The undistributed start-up expenses of an enterprise one year before the implementation of the new tax law can also be handled according to the above provisions.

"Regulations for the Implementation of the Enterprise Income Tax Law" Article 70 Other expenses that should be regarded as long-term deferred expenses mentioned in Item (4) of Article 13 of the Enterprise Income Tax Law shall be amortized by installments from the month following the occurrence of the expenses, and the amortization period shall not be less than 3 years.

An example of accounting treatment of organization expenses

Therefore, the accounting treatment of organization expenses has changed greatly compared with that before 2008. Enterprises can choose the following two methods for accounting treatment.

First, the start-up expenses should be regarded as long-term deferred expenses, which should be amortized in installments for a period of not less than 3 years from the next month of the month when the expenses occur.

For example:

A joint-stock company started production and operation in July of 20 1 1 year, and the total start-up expenses incurred in June were 960,000 yuan, which were amortized in five years.

The monthly amortization amount is 960,000 yuan ÷5 years ÷1February = 1.6 (ten thousand yuan).

When amortized in July, the accounting entries are as follows:

Borrow: amortization of management expenses-organization expenses is RMB 654.38+RMB 600,000.

Loan: Long-term prepaid expenses-start-up expenses 654.38+0.6 million yuan.

The setup of tax adjustment ledger for organization expenses is as follows:

Pre-tax deduction ledger for organizational expenses

Unit: 10,000 yuan

Account filling instructions:

1. year: amortization date refers to the year and month when production and operation started, and so on in subsequent years.

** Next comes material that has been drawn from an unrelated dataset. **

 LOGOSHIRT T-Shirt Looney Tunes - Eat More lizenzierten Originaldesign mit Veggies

2. Accounting amortization amount: refers to the total amount of organization expenses amortized in accounting.

3. Pre-tax deduction: refers to the amount allowed to be deducted before tax in this year according to the provisions of the tax law.

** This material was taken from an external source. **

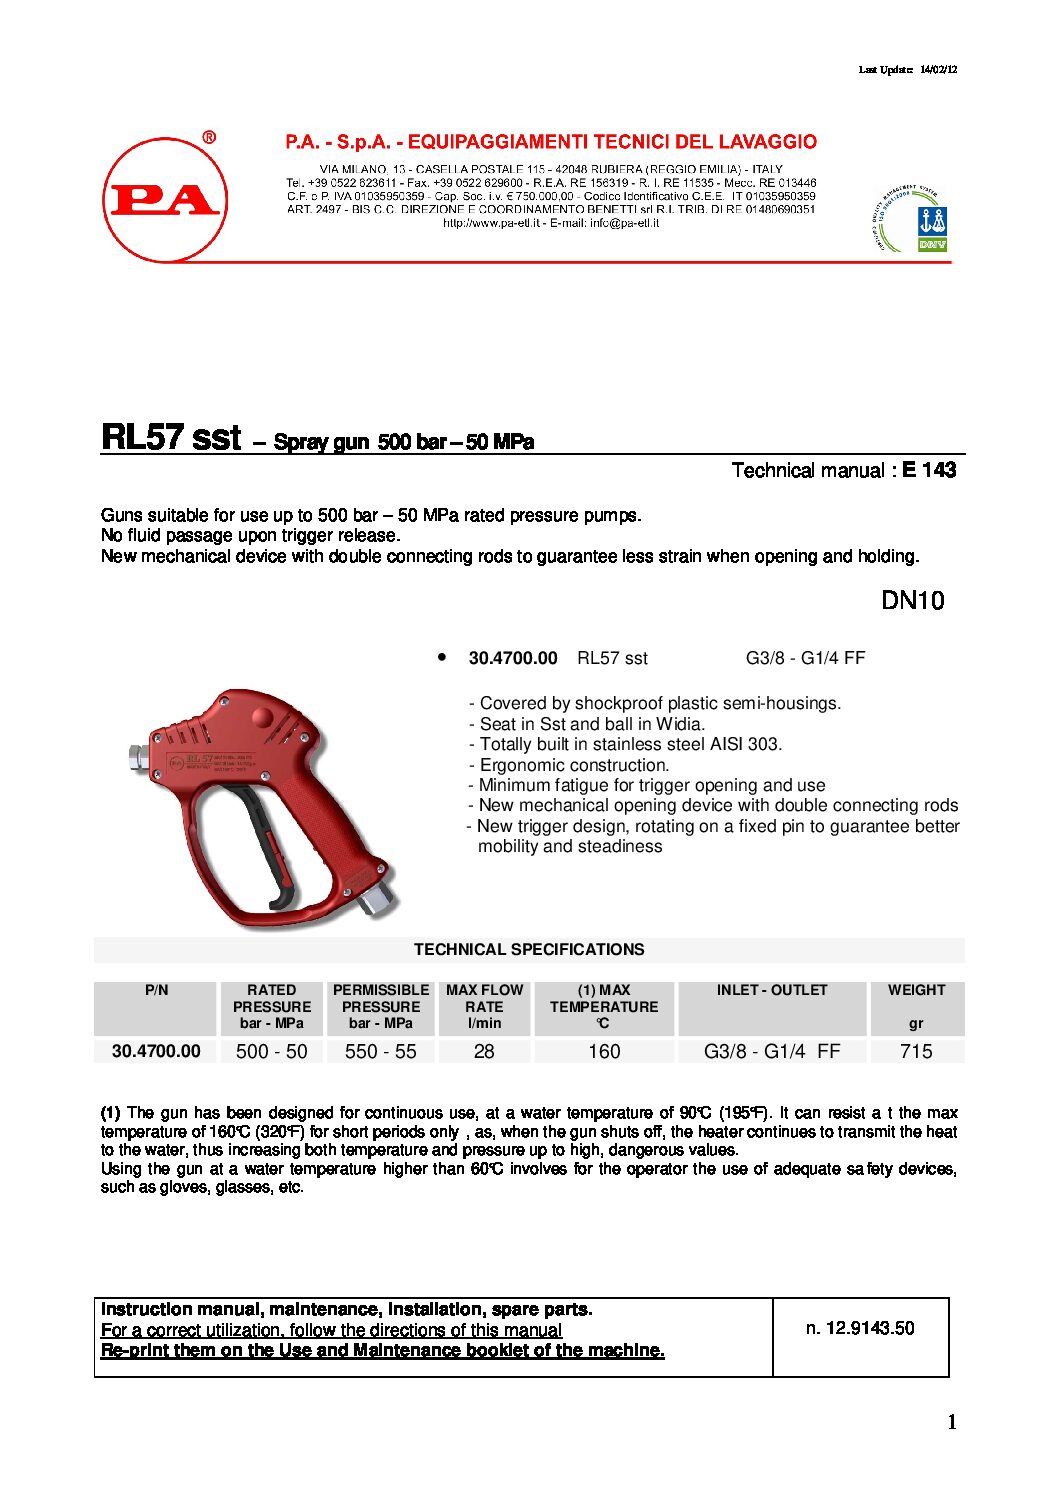 PA RL57 Stainless Steel spray gun technical information

4. Tax adjustment: tax adjustment = accounting amortization-pre-tax deduction. The result is that positive numbers are increased income and negative numbers are decreased income.

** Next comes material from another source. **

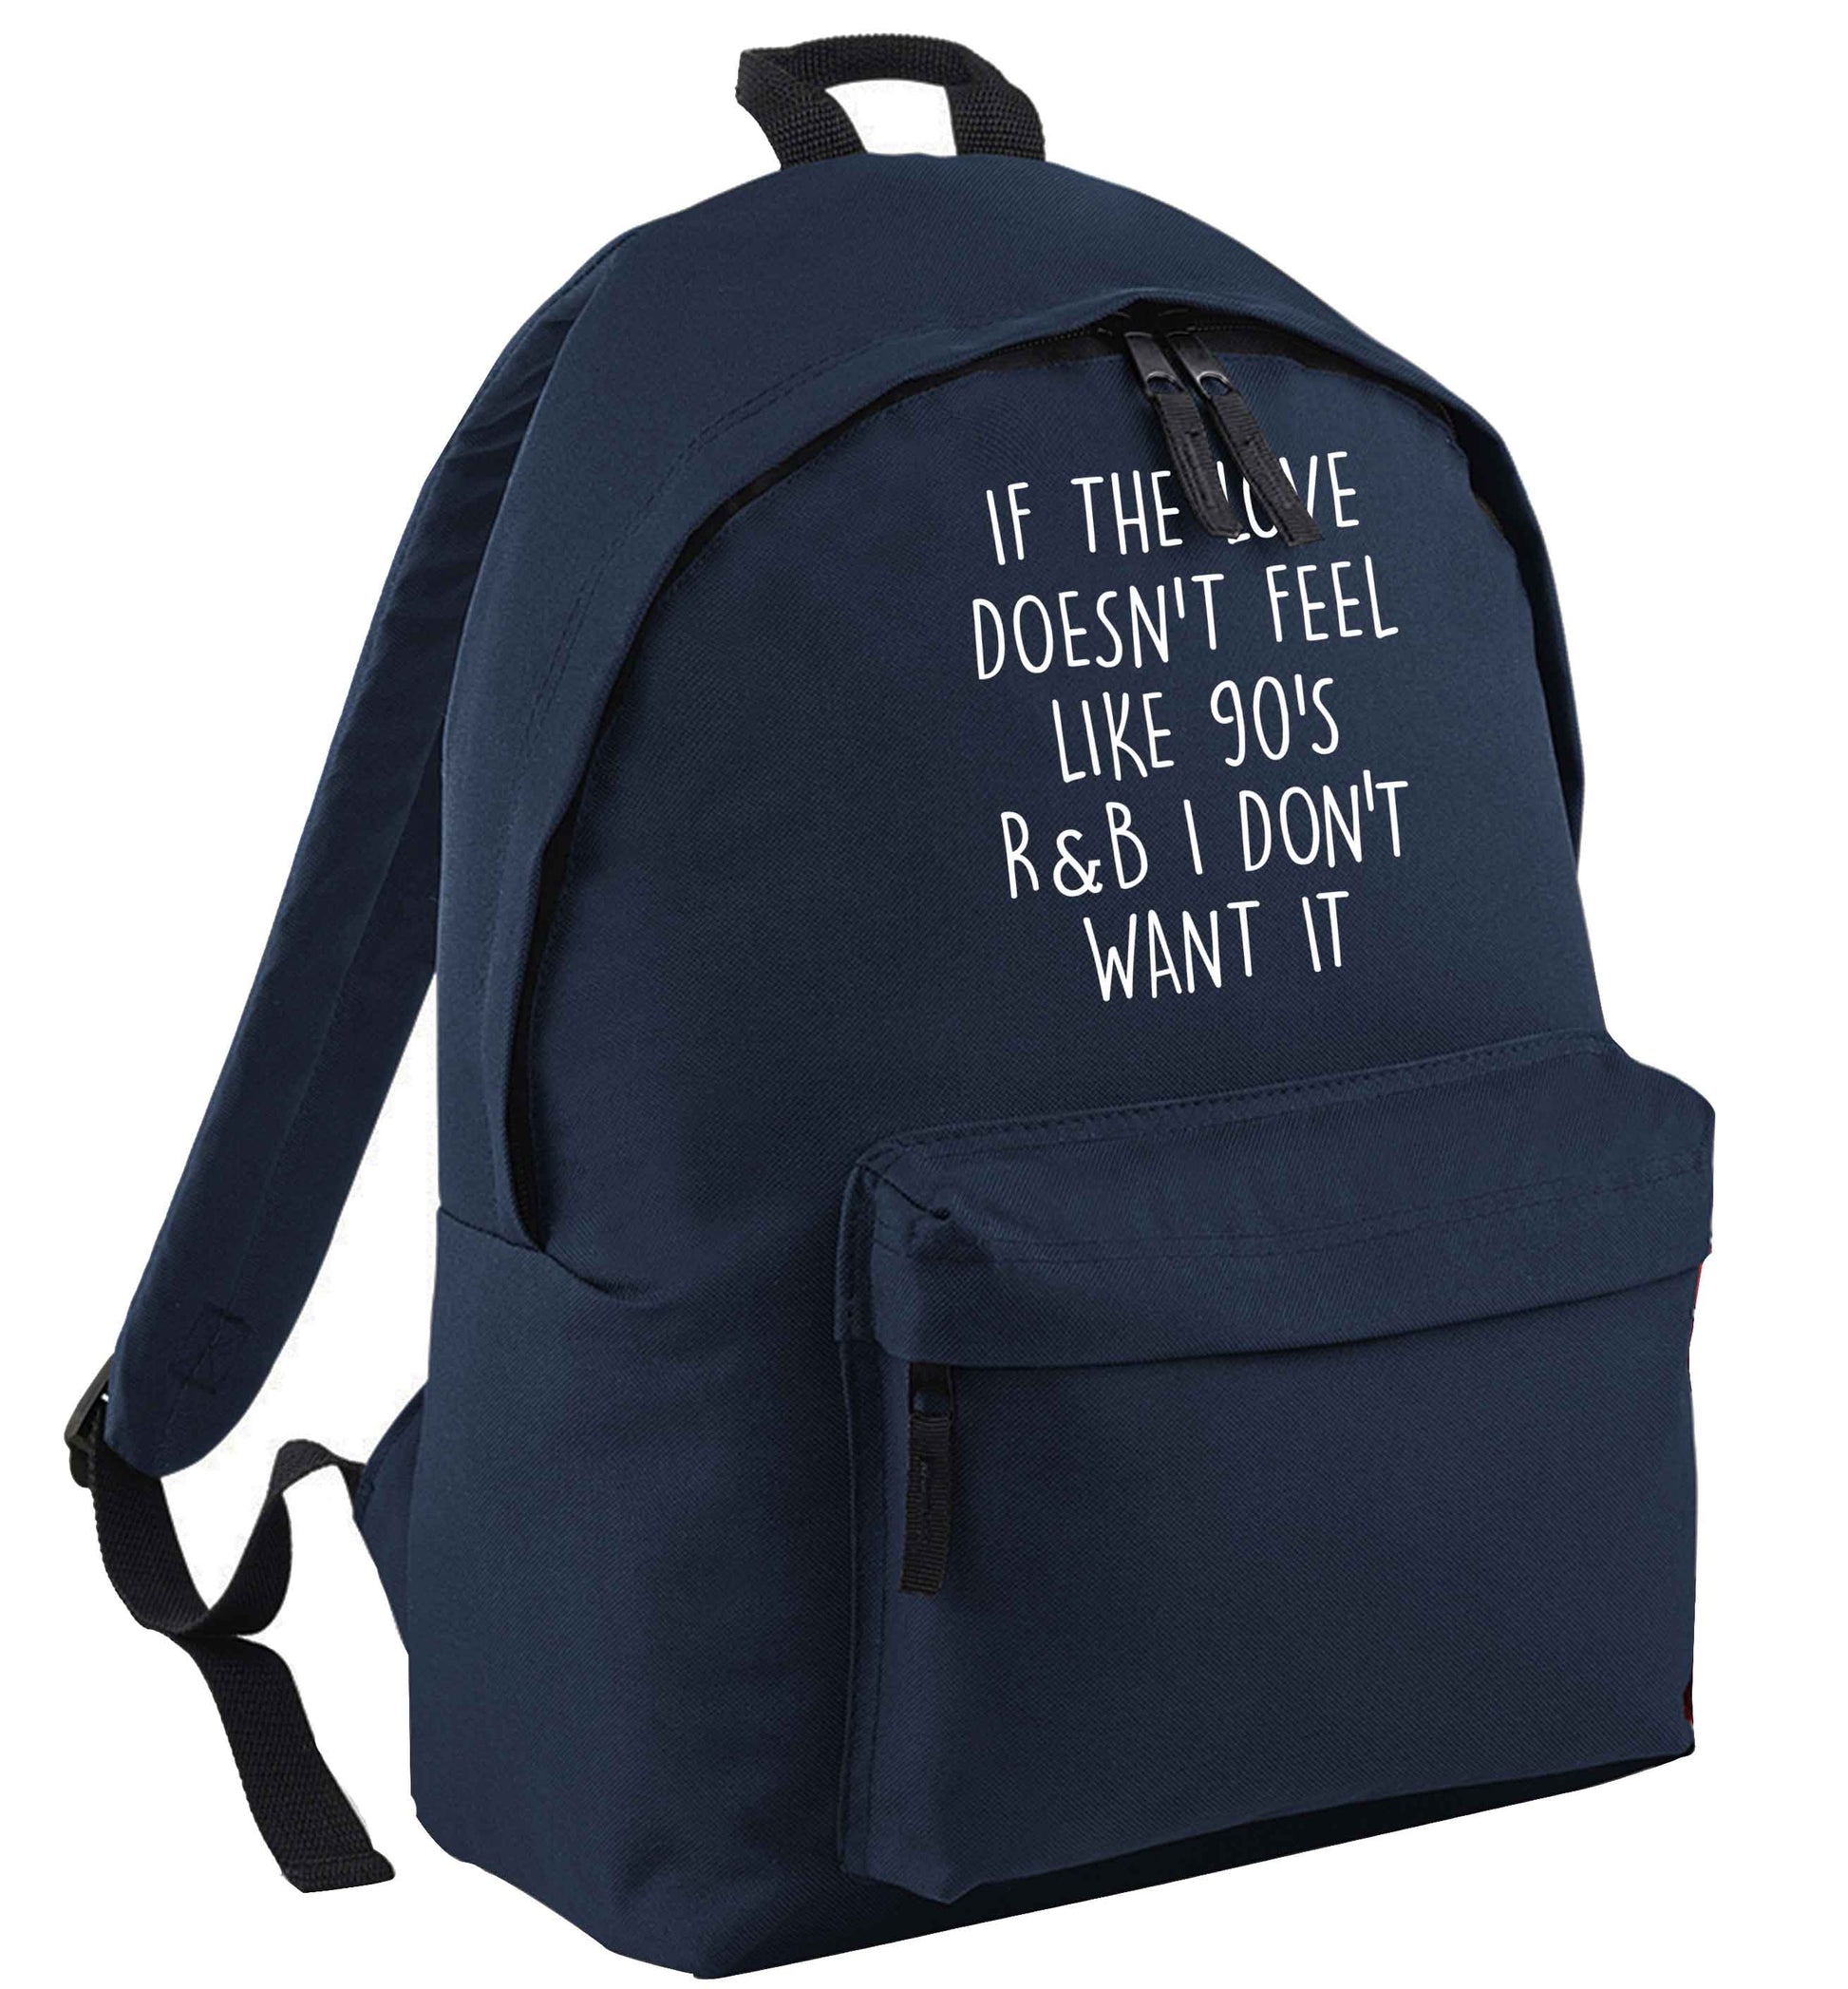 If the love doesn't feel like 90's r&b I don't want it | Children's backpack

5. Non-deducted amount: refers to the amount allowed to be deducted before tax in future years. The amount not deducted in the first year is filled in according to the tax adjustment of this year, and the amount not deducted in subsequent years = the amount not deducted in the previous period-the pre-tax deduction of this year.

Second, when the expenses occur, they can be directly included in the management expenses.

Borrow: management fee-organization fee

Loan: bank deposit/cash

It should be noted that during the preparation (start-up) period, the borrowing costs that need to be included in the value of fixed assets and the material costs that need to be included in the construction in progress cannot be accrued.